**Task instructions**
Where a line in the listing contains the string "http", copy that line out.

**Data records**
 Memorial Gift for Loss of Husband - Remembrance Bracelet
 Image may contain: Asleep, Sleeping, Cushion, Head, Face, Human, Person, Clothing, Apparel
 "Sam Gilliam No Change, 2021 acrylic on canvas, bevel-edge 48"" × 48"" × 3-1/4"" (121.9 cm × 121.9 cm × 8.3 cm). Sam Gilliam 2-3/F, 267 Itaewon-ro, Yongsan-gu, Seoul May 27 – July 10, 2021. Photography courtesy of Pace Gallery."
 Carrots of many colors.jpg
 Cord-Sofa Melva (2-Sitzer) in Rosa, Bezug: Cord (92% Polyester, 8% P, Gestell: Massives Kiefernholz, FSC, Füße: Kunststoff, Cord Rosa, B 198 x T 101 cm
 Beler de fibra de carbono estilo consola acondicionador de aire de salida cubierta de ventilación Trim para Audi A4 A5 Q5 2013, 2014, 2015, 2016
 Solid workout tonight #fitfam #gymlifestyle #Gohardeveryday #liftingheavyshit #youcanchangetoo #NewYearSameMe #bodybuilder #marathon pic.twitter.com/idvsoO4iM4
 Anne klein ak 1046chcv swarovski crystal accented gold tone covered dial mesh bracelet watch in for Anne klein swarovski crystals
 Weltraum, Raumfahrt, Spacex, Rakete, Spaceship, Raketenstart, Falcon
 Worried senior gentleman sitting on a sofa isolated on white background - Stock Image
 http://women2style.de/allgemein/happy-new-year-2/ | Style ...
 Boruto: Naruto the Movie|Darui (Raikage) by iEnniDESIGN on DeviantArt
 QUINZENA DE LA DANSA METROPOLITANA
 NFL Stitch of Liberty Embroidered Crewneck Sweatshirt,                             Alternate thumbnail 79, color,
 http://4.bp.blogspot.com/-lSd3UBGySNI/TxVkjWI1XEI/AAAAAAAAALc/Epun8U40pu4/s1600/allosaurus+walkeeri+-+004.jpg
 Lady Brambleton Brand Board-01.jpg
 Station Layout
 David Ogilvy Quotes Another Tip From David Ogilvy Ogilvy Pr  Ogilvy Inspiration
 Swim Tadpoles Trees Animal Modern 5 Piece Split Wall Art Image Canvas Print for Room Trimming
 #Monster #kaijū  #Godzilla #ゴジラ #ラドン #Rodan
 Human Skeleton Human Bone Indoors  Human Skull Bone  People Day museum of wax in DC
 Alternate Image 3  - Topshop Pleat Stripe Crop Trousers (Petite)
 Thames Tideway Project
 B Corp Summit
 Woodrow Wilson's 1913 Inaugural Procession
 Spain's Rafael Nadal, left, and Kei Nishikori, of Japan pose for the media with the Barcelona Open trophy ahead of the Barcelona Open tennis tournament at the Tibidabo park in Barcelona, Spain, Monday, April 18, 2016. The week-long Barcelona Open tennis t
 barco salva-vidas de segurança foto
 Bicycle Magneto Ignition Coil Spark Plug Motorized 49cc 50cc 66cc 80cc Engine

**Exercise solution**
 http://women2style.de/allgemein/happy-new-year-2/ | Style ...
 http://4.bp.blogspot.com/-lSd3UBGySNI/TxVkjWI1XEI/AAAAAAAAALc/Epun8U40pu4/s1600/allosaurus+walkeeri+-+004.jpg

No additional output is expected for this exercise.